With lingering pandemic in the backdrop, the Bangladesh Bank targets an ambitious 8.2% economic growth for the current fiscal year, accompanied by a V-shaped recovery.
"The successful and timely implementation of the stimulus packages" will help the economy rebound strongly, the central bank said in the 2019-20 annual report published yesterday.
A V-shaped recovery is characterised by a quick and sustained recovery in measures of economic performance after a sharp economic decline.
The Bangladesh economy was expanding at an accelerated growth supported by broad-based economic activities until February last year, according to the report. The country achieved a record 8.15% growth, the highest in the Asia-Pacific region, in the fiscal year 2019.
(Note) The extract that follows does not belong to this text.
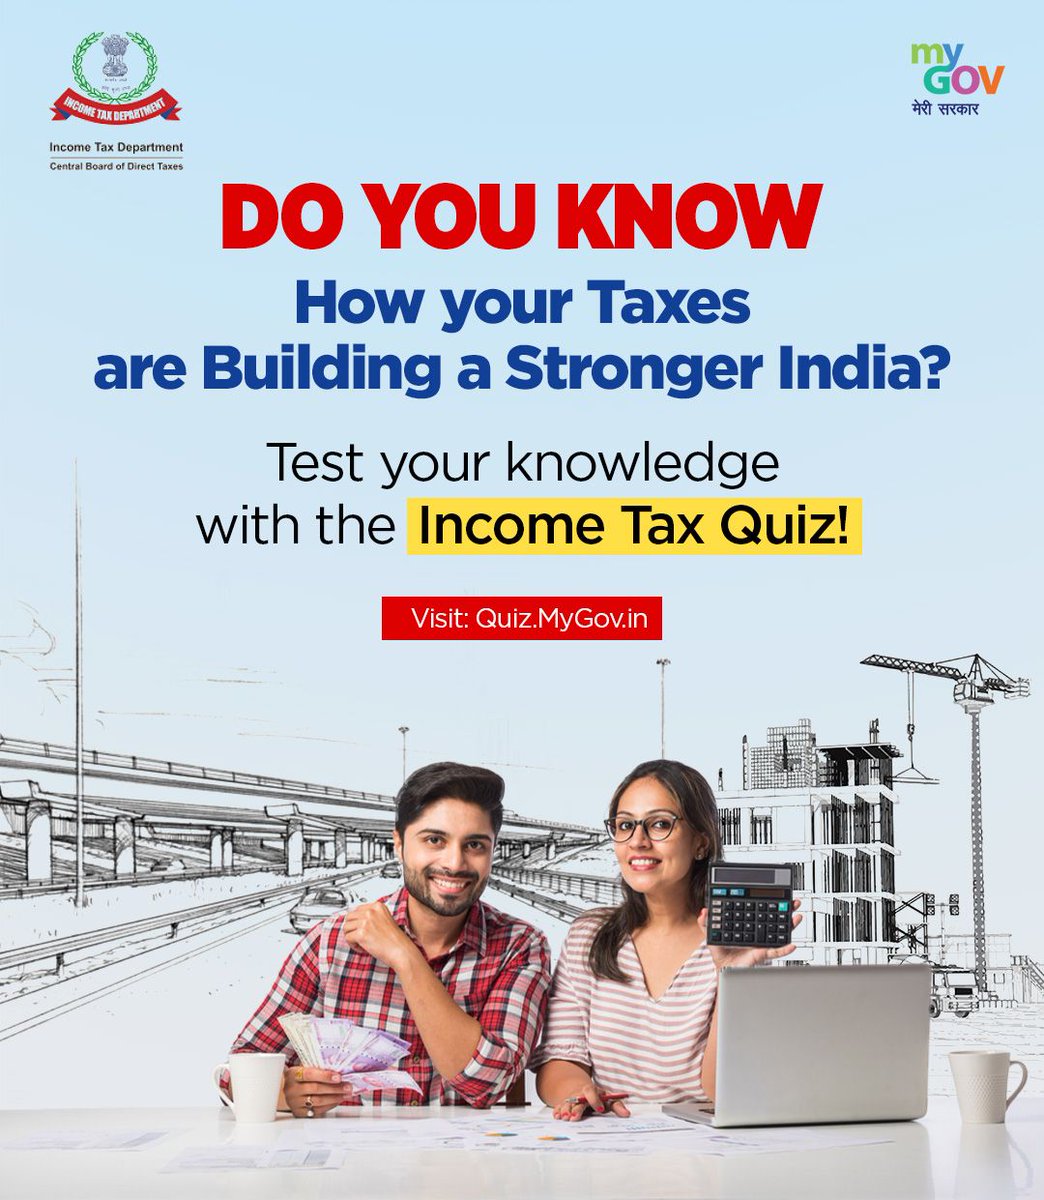 Boost your tax knowledge with the Income Tax Quiz on #MyGov! Stay informed and make smarter tax decisions today. Visit: quiz.mygov.in/quiz/income-ta… #NewIndia #IT @IncomeTaxIndia

But economies around the globe ground to a halt by March 2020 and the confirmation of local cases of infection hindered the goal of achieving the GDP growth of 8.2% in fiscal year 2020. According to the provisional estimate by BBS, Bangladesh's real GDP growth of the fiscal year was recorded at 5.2%.
The subdued growth was still the highest in the South Asian region.
Earlier in October last year, the World Bank forecast U-shaped recovery for Bangladesh, saying that it would be realised if the government spent proactively and could tap international resources.
U-shaped recoveries happen when a recession occurs and the economy does not immediately bounce back but tumbles along the bottom for a few quarters.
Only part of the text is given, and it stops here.